• Problem description: Keep the text of the data exactly as it is and omit each picture from the copy.

• Data provided:
━━━━━━

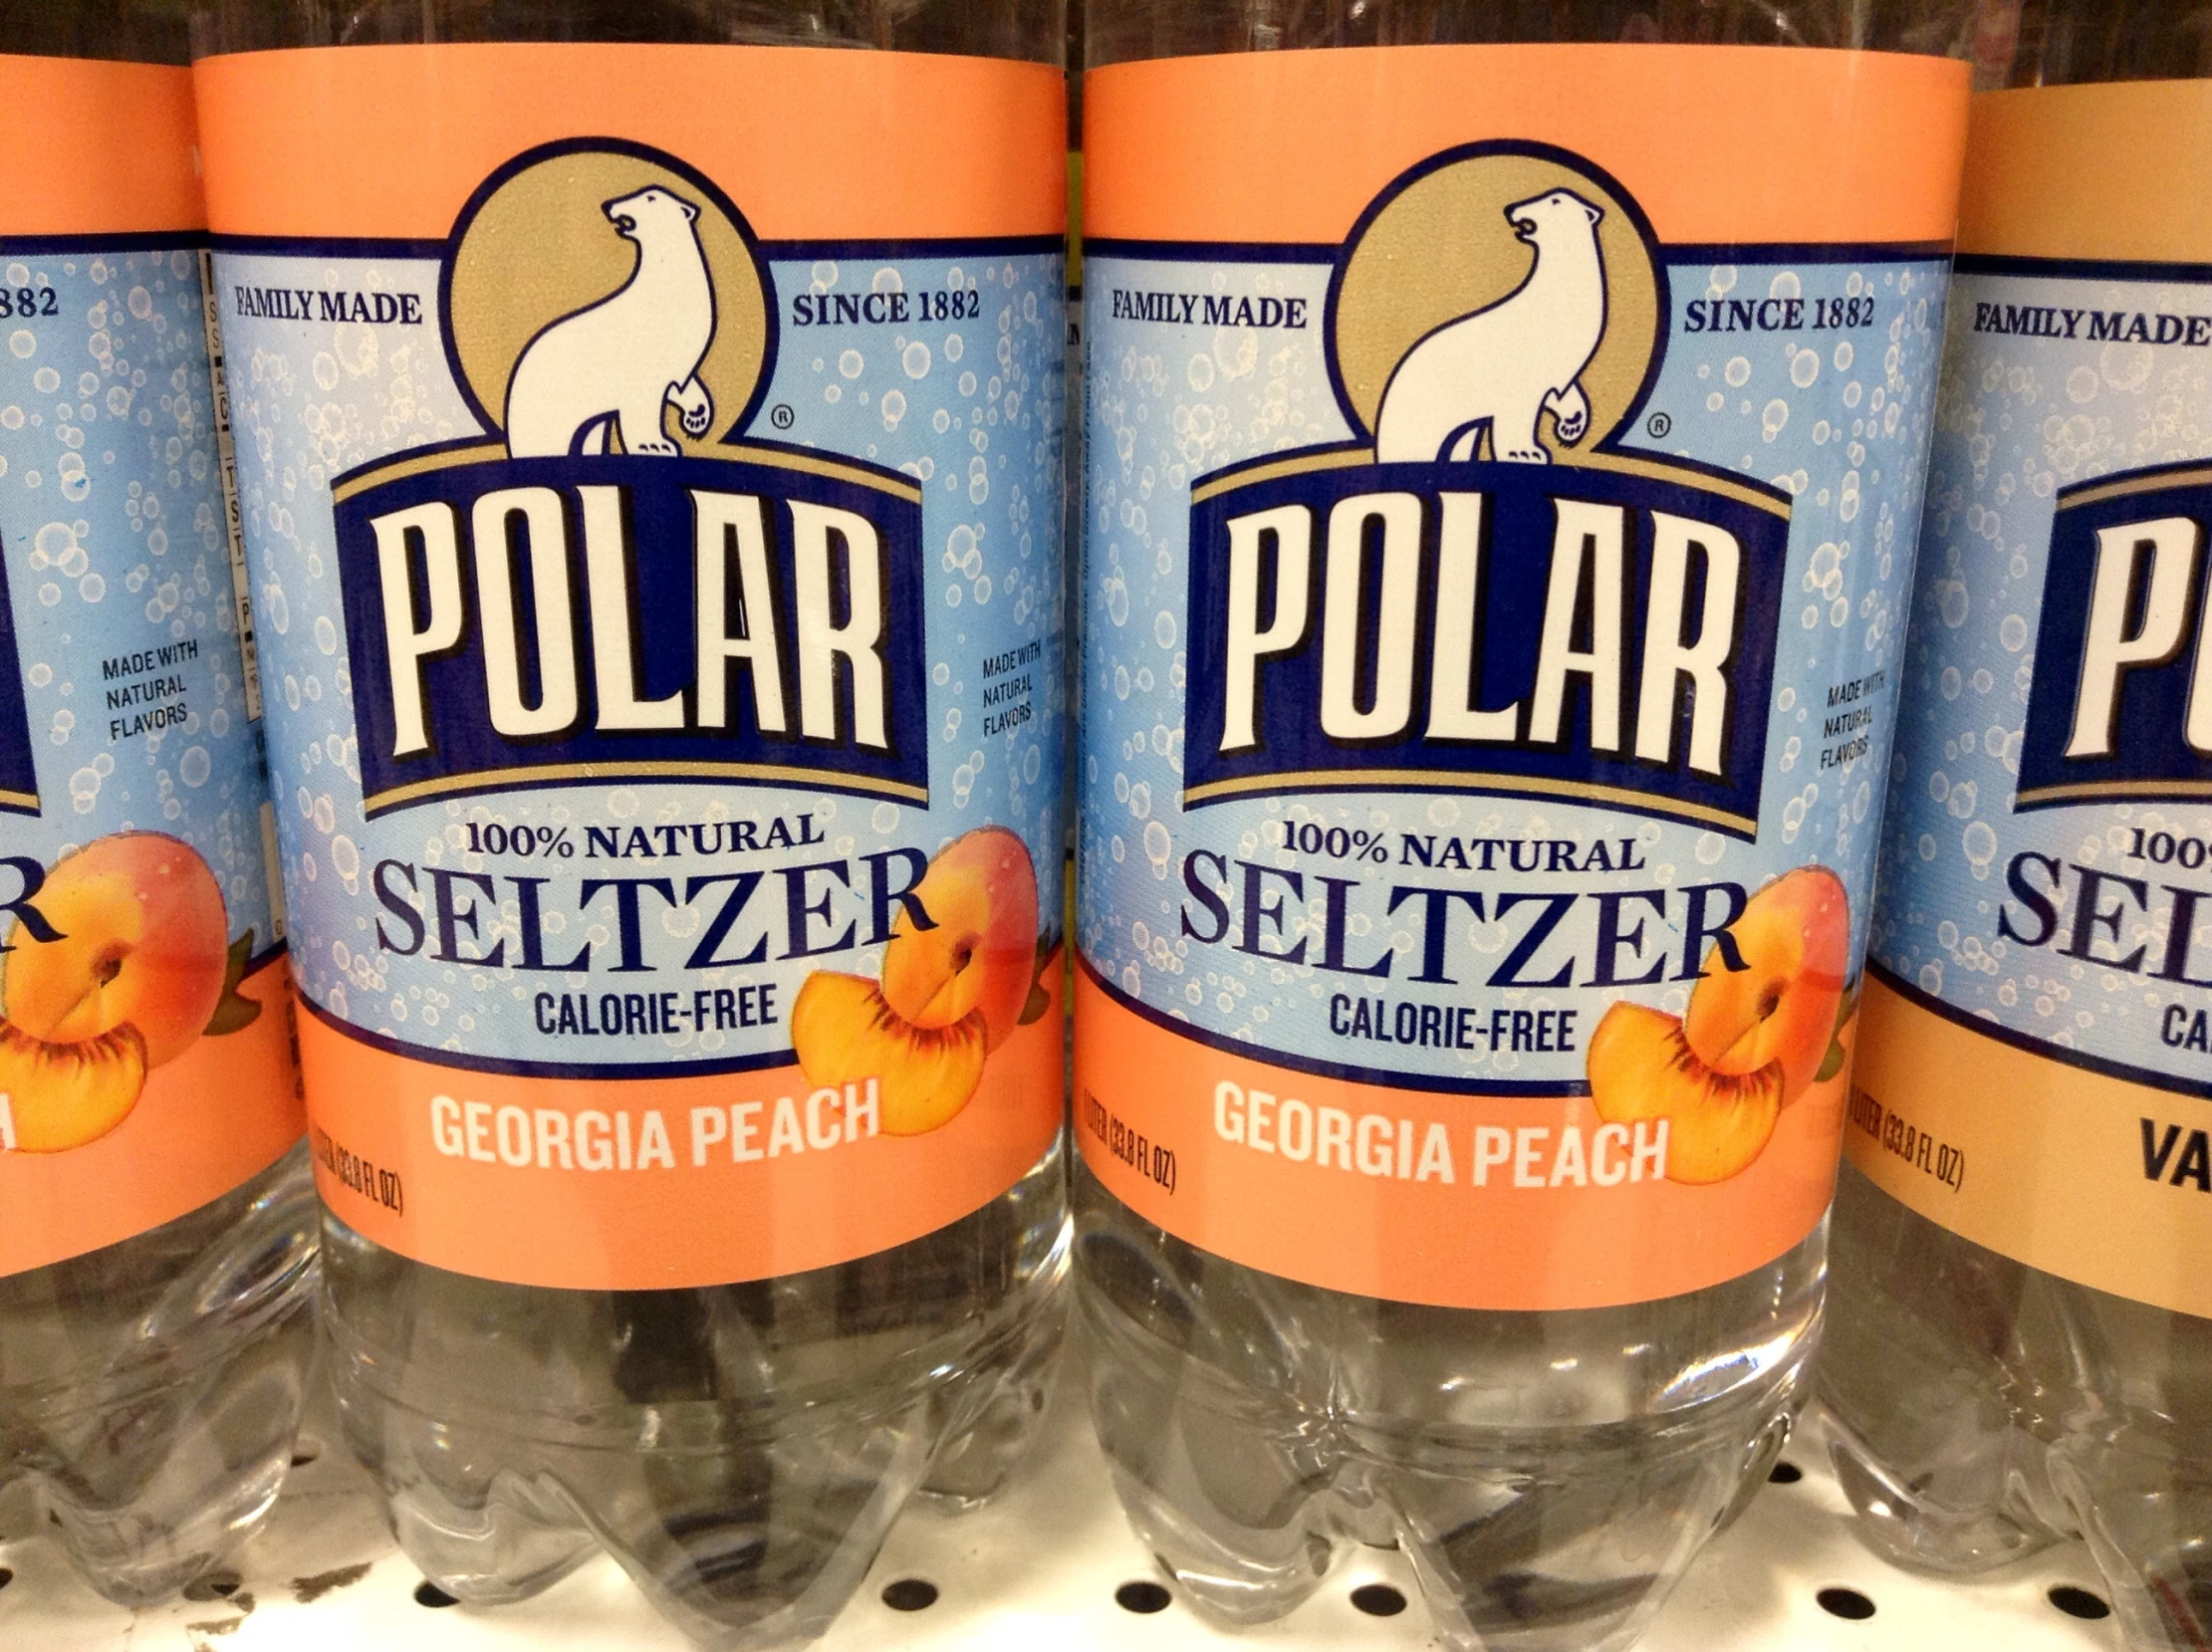 bottles of polish seawater are on a rack
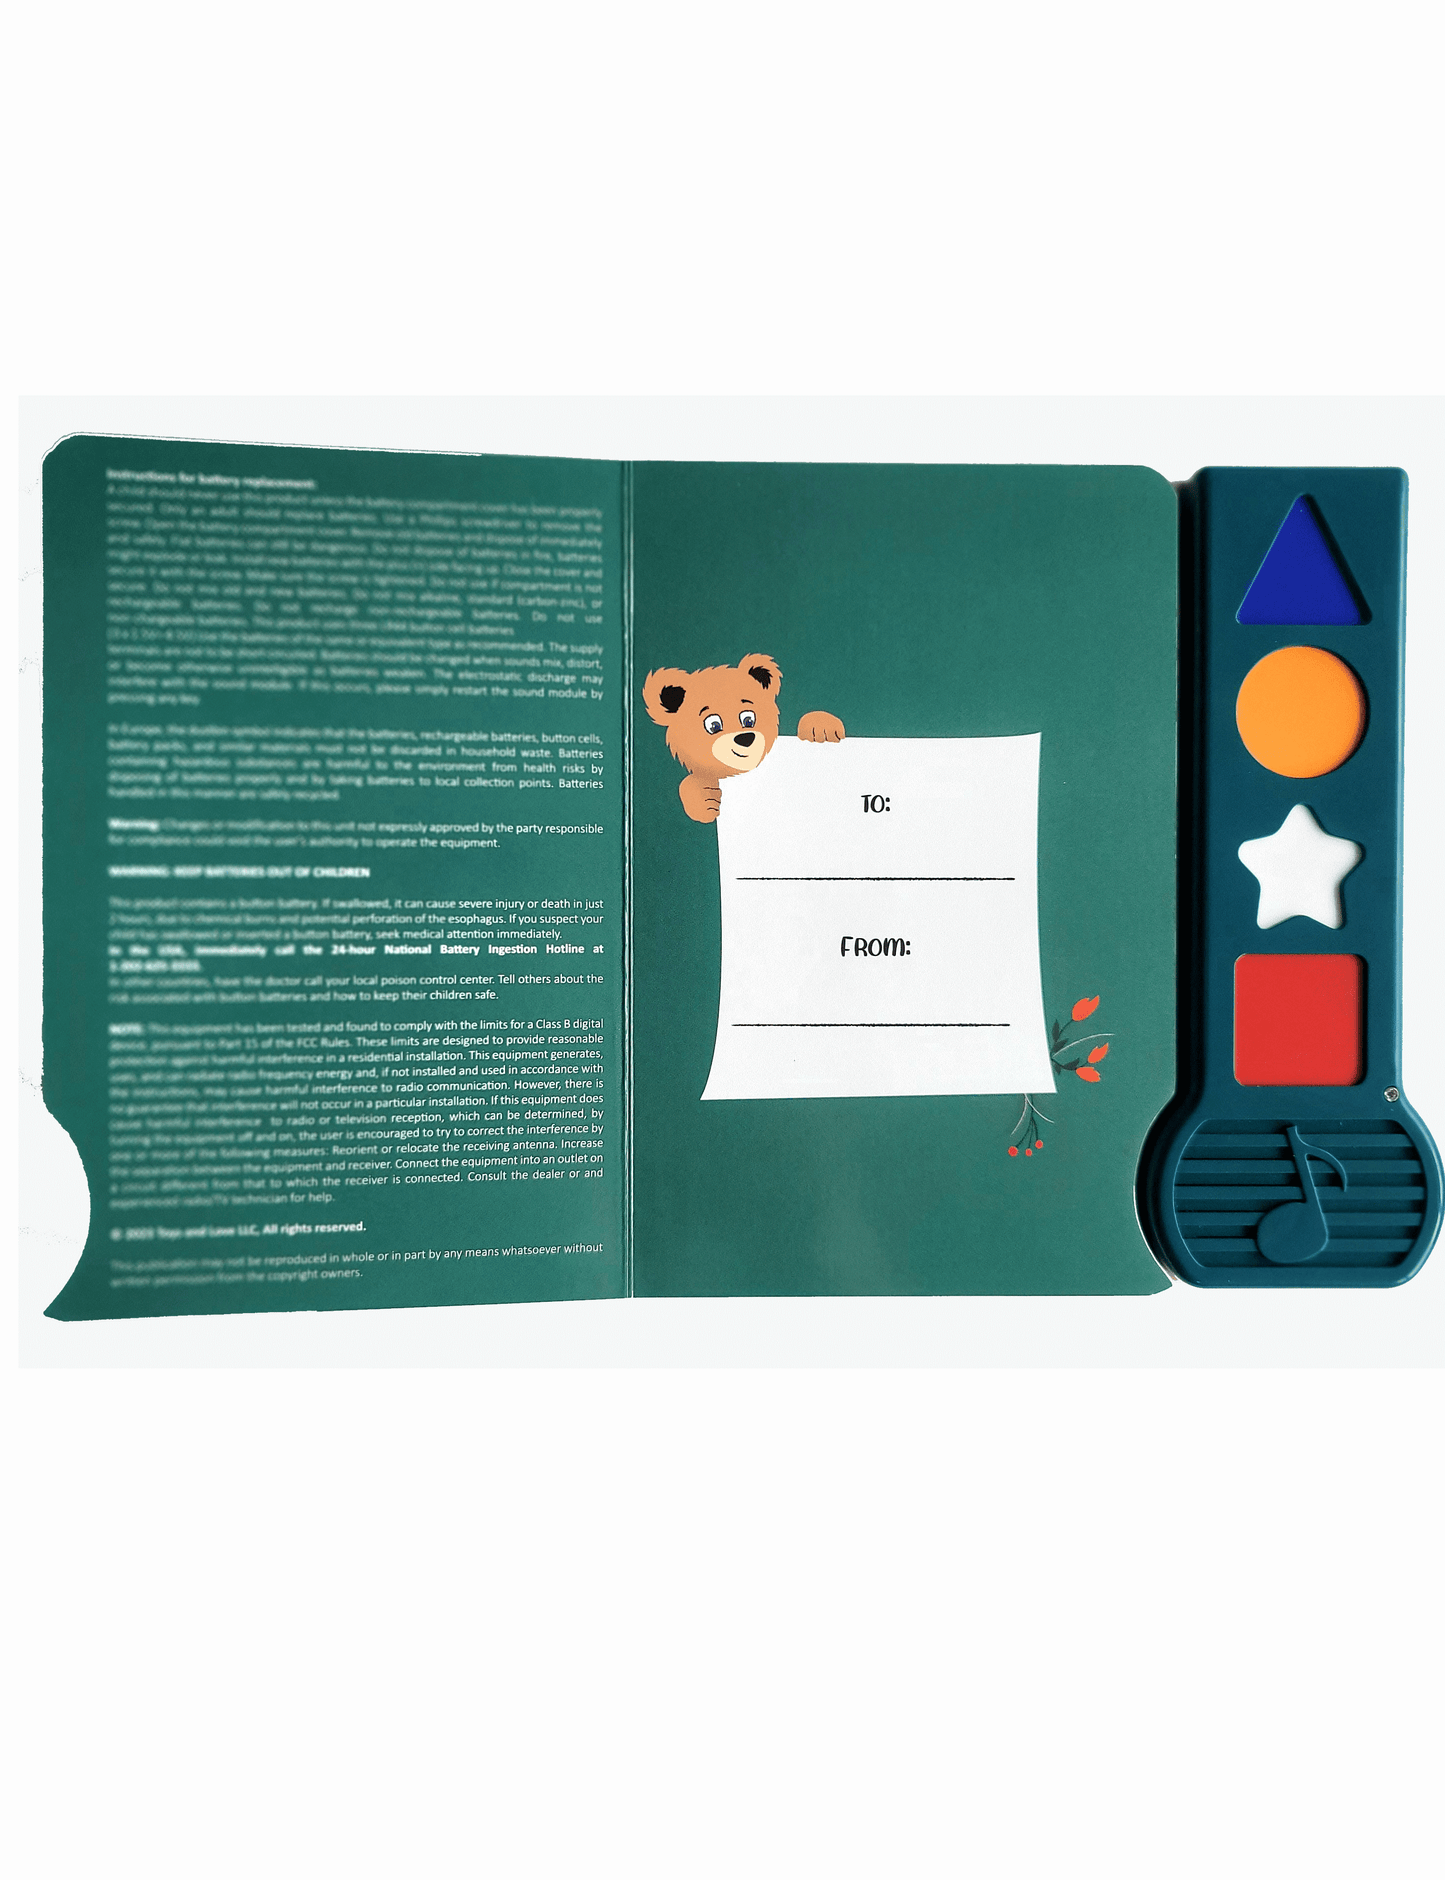 4-button interactive sound book for children with lullabies
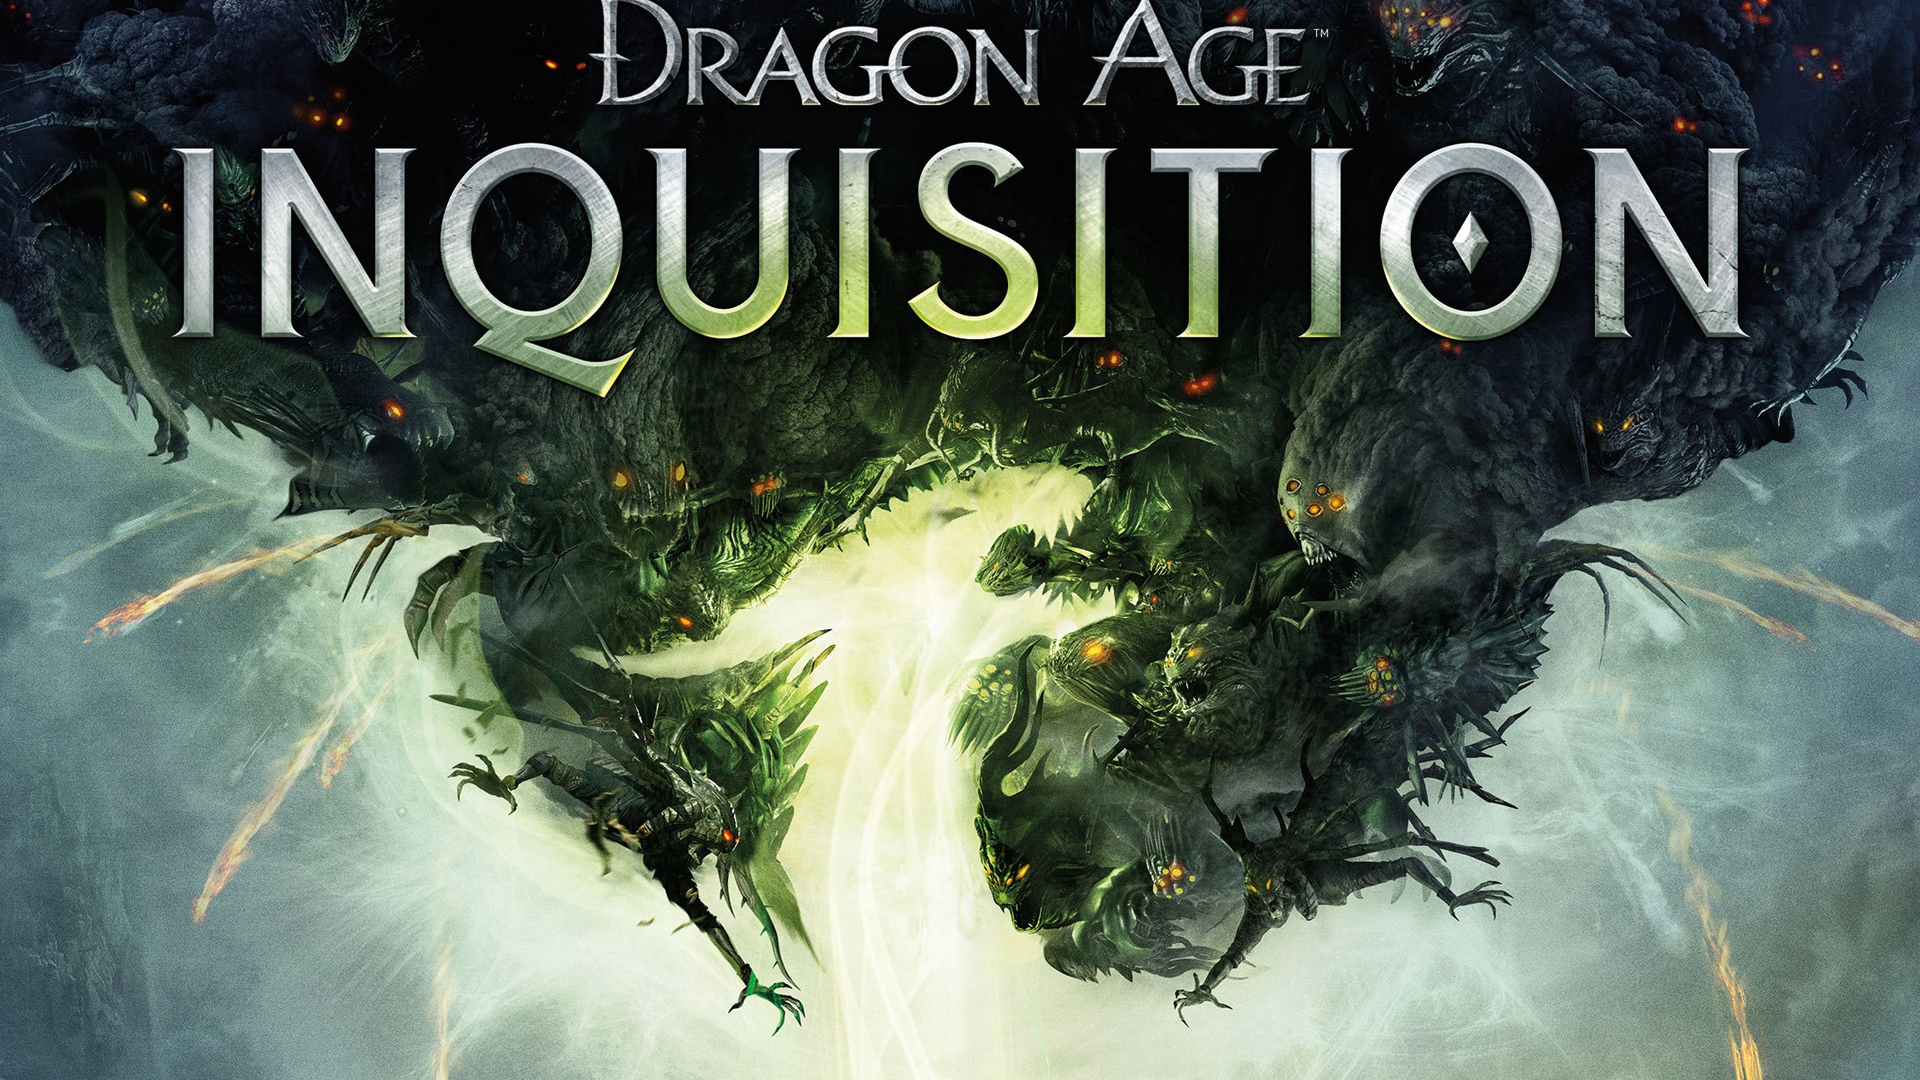 Dragon Age Inquisition Game for 1920 x 1080 HDTV 1080p resolution

━━━━━━

• Expected output:
 bottles of polish seawater are on a rack
 4-button interactive sound book for children with lullabies
 Dragon Age Inquisition Game for 1920 x 1080 HDTV 1080p resolution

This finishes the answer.